# I bought a plank of Oak



## cutting42 (27 Jan 2018)

A bit wet, needs drying out but it will be a font cover.


----------



## Droogs (27 Jan 2018)

should get a good looking bit of wood with purrddyyy grain when it dries out enough to be of use


----------



## AndyT (27 Jan 2018)

That's an unusual project!
I'd be interested to see some pictures when you get started on it.


----------



## custard (27 Jan 2018)

Is your board wide enough to get the font cover out of it without jointing two sections together? 

Jointing highly figured boards can be tricky, the joint line can become pretty glaring and the eye focuses just on the joint rather than the piece as a whole. One way around that is to let in 6mm wide "pinstripes" between the joints. It works well with Oak if made from a player timber like Sycamore or Sweet Chestnut.


----------



## Racers (28 Jan 2018)

Wow! That’s very nice. 

You will need a lot of epoxy and coffeee to fill the pips. 

Pete


----------



## AndyT (28 Jan 2018)

Btw, when you say font cover, I really hope you mean something like this - do say if you need more wood!


----------



## cutting42 (29 Jan 2018)

Jointing will be required as it is not wide enough in one piece and you are correct, it will be a challenge, thanks for the suggestions custard. The font and church are very old and very simple and this cover will be replacing an existing cover that looks a little like what Andy posted.

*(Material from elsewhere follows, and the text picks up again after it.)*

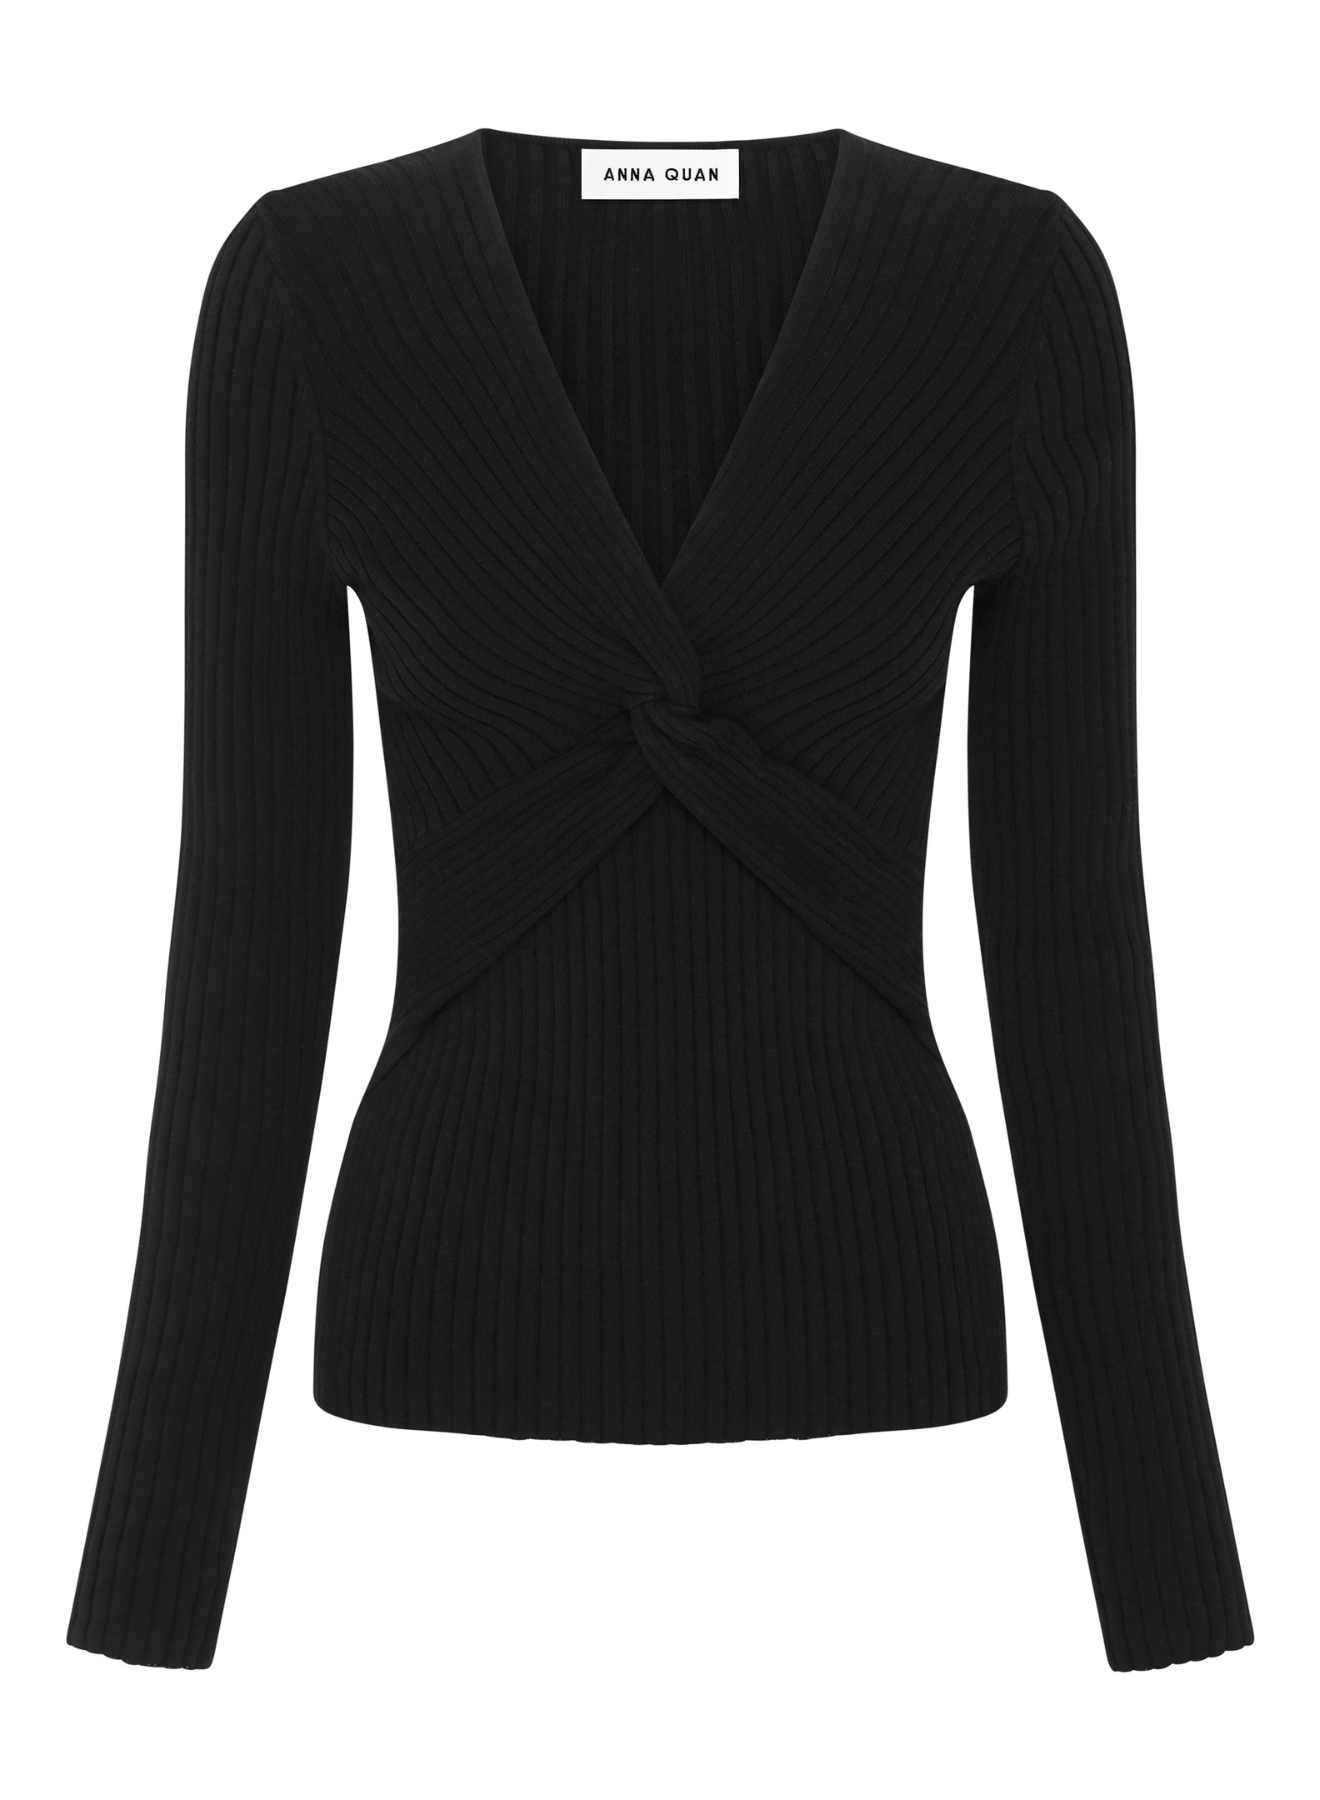 Upgrade your wardrobe with the ANNA QUAN Long Sleeve Knit Top featuring an interest point centre front twist. This versatile piece seamlessly combines comfort and style; ideal for various occasions, it's our new season must-have long sleeve knit top. Must-have knitwear, knit tops for work, tops for work, work tops, warm work tops.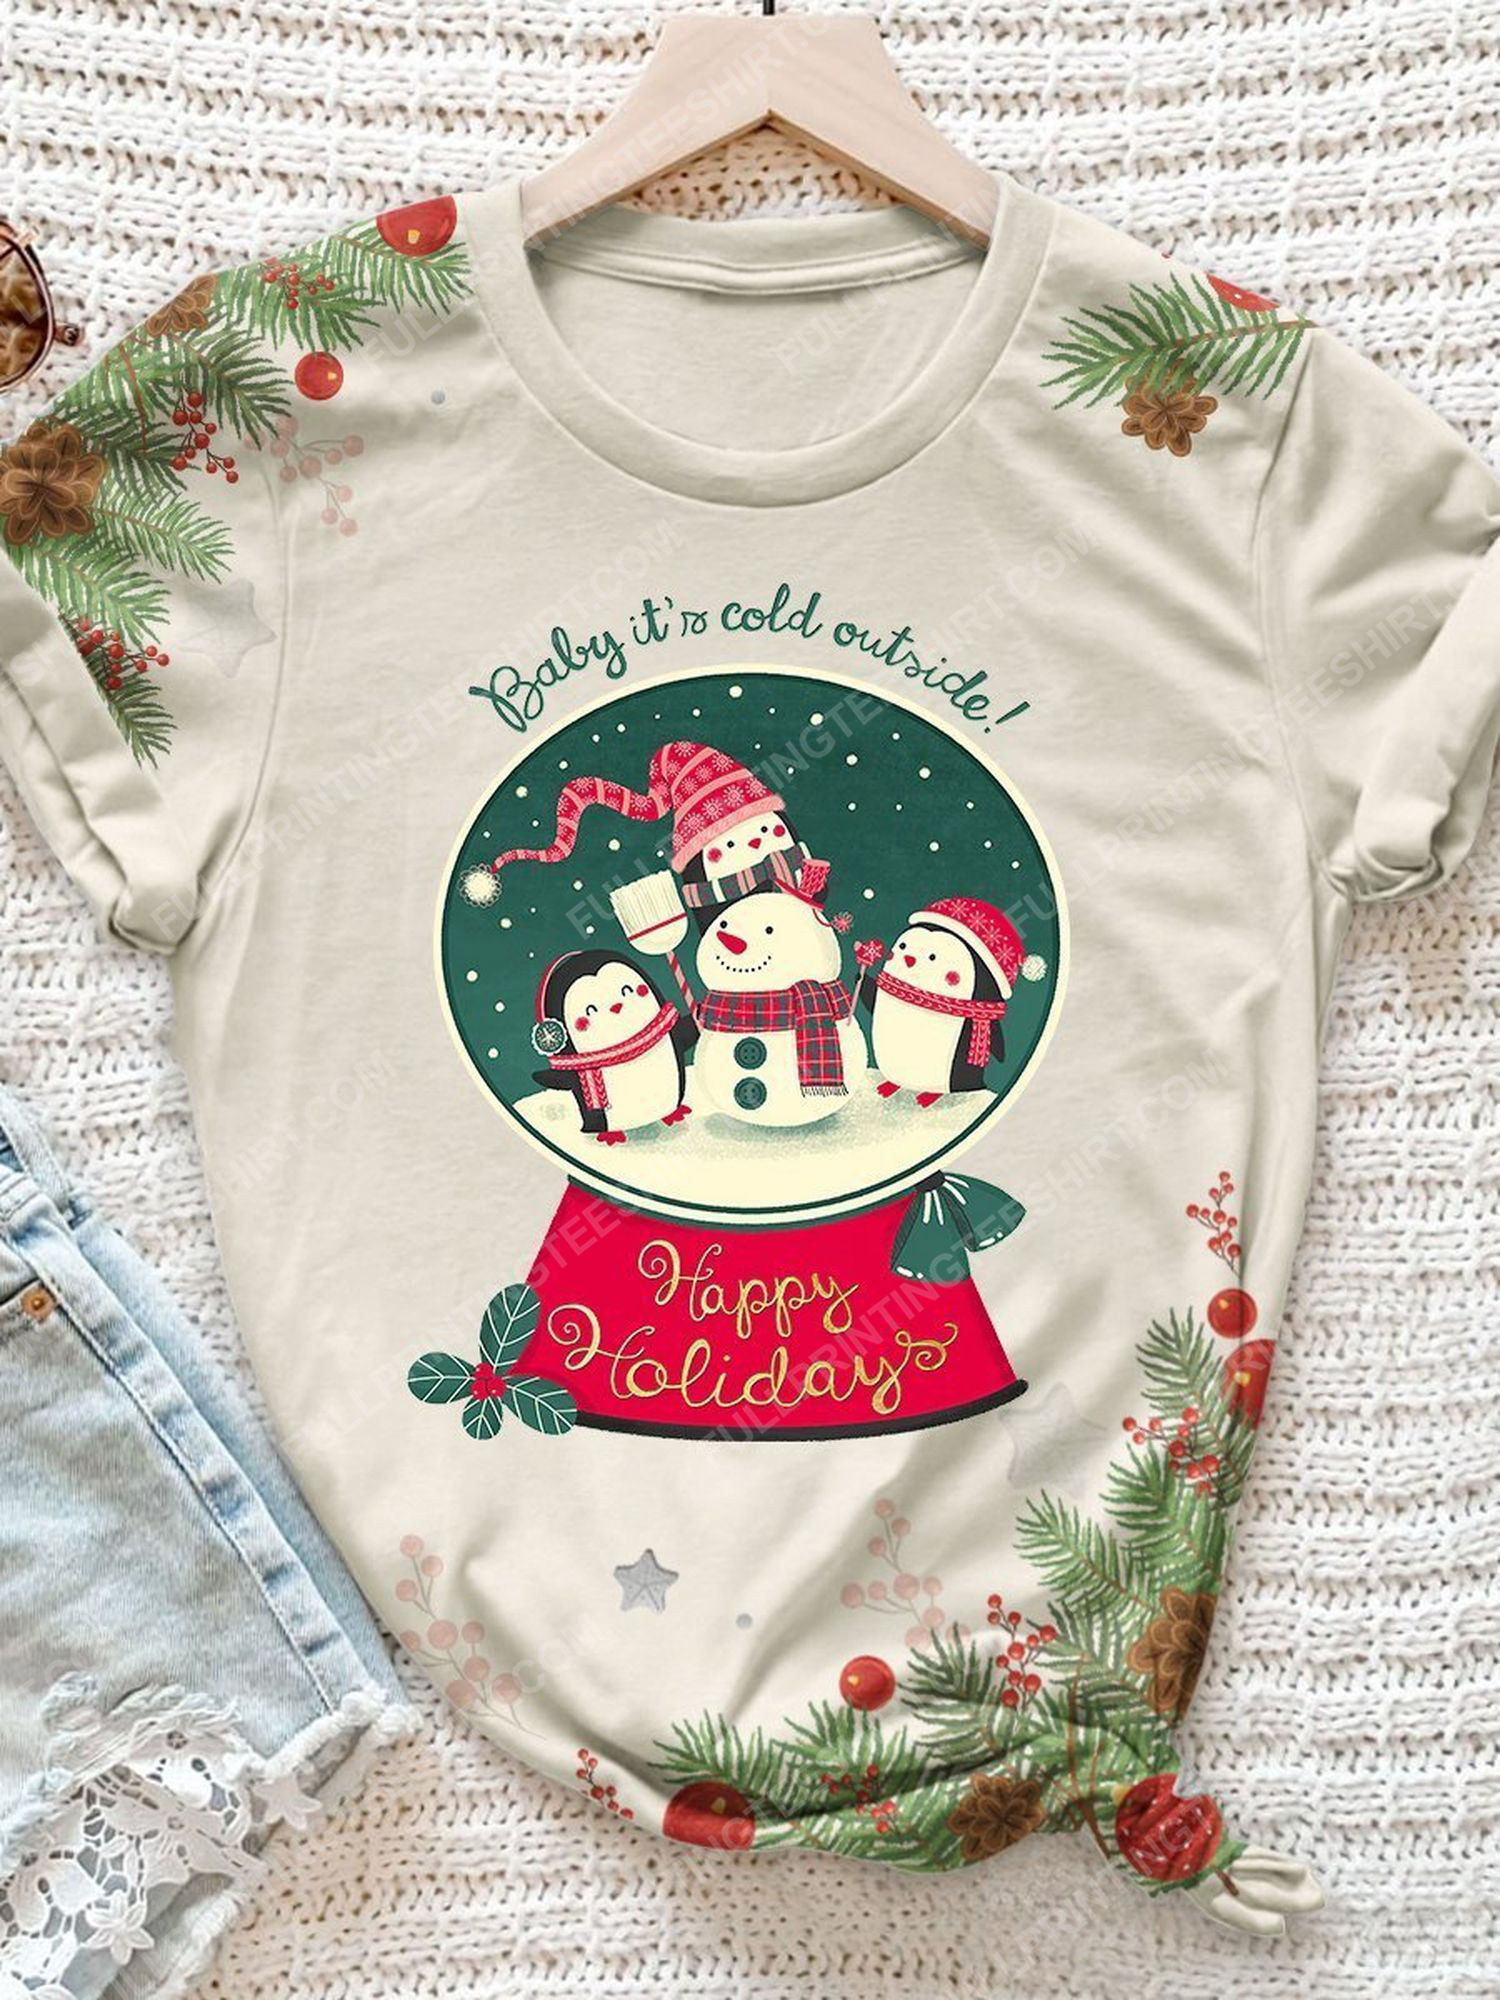 Happy holiday baby it's cold outside full print shirt

It is around 2 inch thick and 9'6" long and has been seasoned for around 7 years but has surface dampness so once I have finished a design and roughly cut to size it will need some more drying out in my workshop. Fortunately as its destination is a church it will not be in a centrally heated place so mega drying not required. 

Whole plank:


----------



## cutting42 (12 Sep 2019)

I thought I would follow up with the finished project as a series of pictures. It was for my parents church and sadly my mother died before it was completed but she knew the design and the wood that was to be used and I put a little plaque underneath it dedicating it to her memory as well.


----------



## Bm101 (12 Sep 2019)

That looks amazing. Well done. Should be there and in use for many years!


----------



## AndyT (12 Sep 2019)

I really like the contrast between the plain, straight grain and the wild quarters. Beautiful work.


----------



## woodbloke66 (12 Sep 2019)

Nice work, burr oak is stunning material. I bought a completely green, thick (50mm) slab of the stuff last year (about 2mx400mm) and it was so heavy it was as much as I could do to lift it. It's currently air drying at the bottom of the garden under a big tarp but I have a mind to do one of those Alan Peters coffee table things with a gouge carved bowl once it's dry enough. Unfortunately it's developed one or two shakes and splits so I guess there'll be some fancy 'butterflies' to hold the whole thing together...at the moment it's too wet although it appears to be drying quite well - Rob


----------



## cutting42 (12 Sep 2019)

Thanks chaps

The church has been given a major refit inside so the hand over was able to coincide with the Bishop coming down to re open and bless the changes and to my amazement they got him to bless the new font cover as well so my first blessed piece of work!


----------



## MusicMan (12 Sep 2019)

A nice design, well executed. Looks terrific.


----------



## Racers (13 Sep 2019)

Wow! just wow.

Pete


----------



## El Barto (13 Sep 2019)

Excellent work.


----------



## AJB Temple (13 Sep 2019)

Lovely piece of work. Top job.


----------



## Nick (13 Sep 2019)

Really inspiring work this, thank you for sharing!


----------



## xy mosian (13 Sep 2019)

Beautiful work.
xy


----------



## hurworth1967 (16 Sep 2019)

Looks stunning, lovely work & a great tribute to your mum. If you don’t mind my asking, what finish did you use on it ?

Dan


----------



## Jonathan S (16 Sep 2019)

Beautiful work!
Beautiful timber!

I could stare at pippy oaf for hours, for me its therapeutic, like the flames in a fire!

Jonathan


Sent from my SM-J530F using Tapatalk


----------



## Yojevol (16 Sep 2019)

Jonathan S":1893bttv said:


> I could stare at pippy oaf for hours, for me its therapeutic, like the flames in a fire!
> 
> Jonathan
> 
> ...


How about combining the two?


----------



## cutting42 (16 Sep 2019)

hurworth1967":166crjjl said:


> Looks stunning, lovely work & a great tribute to your mum. If you don’t mind my asking, what finish did you use on it ?
> 
> Dan



Thank you very much, my dad was very happy with it as well and called it a fitting memorial to her.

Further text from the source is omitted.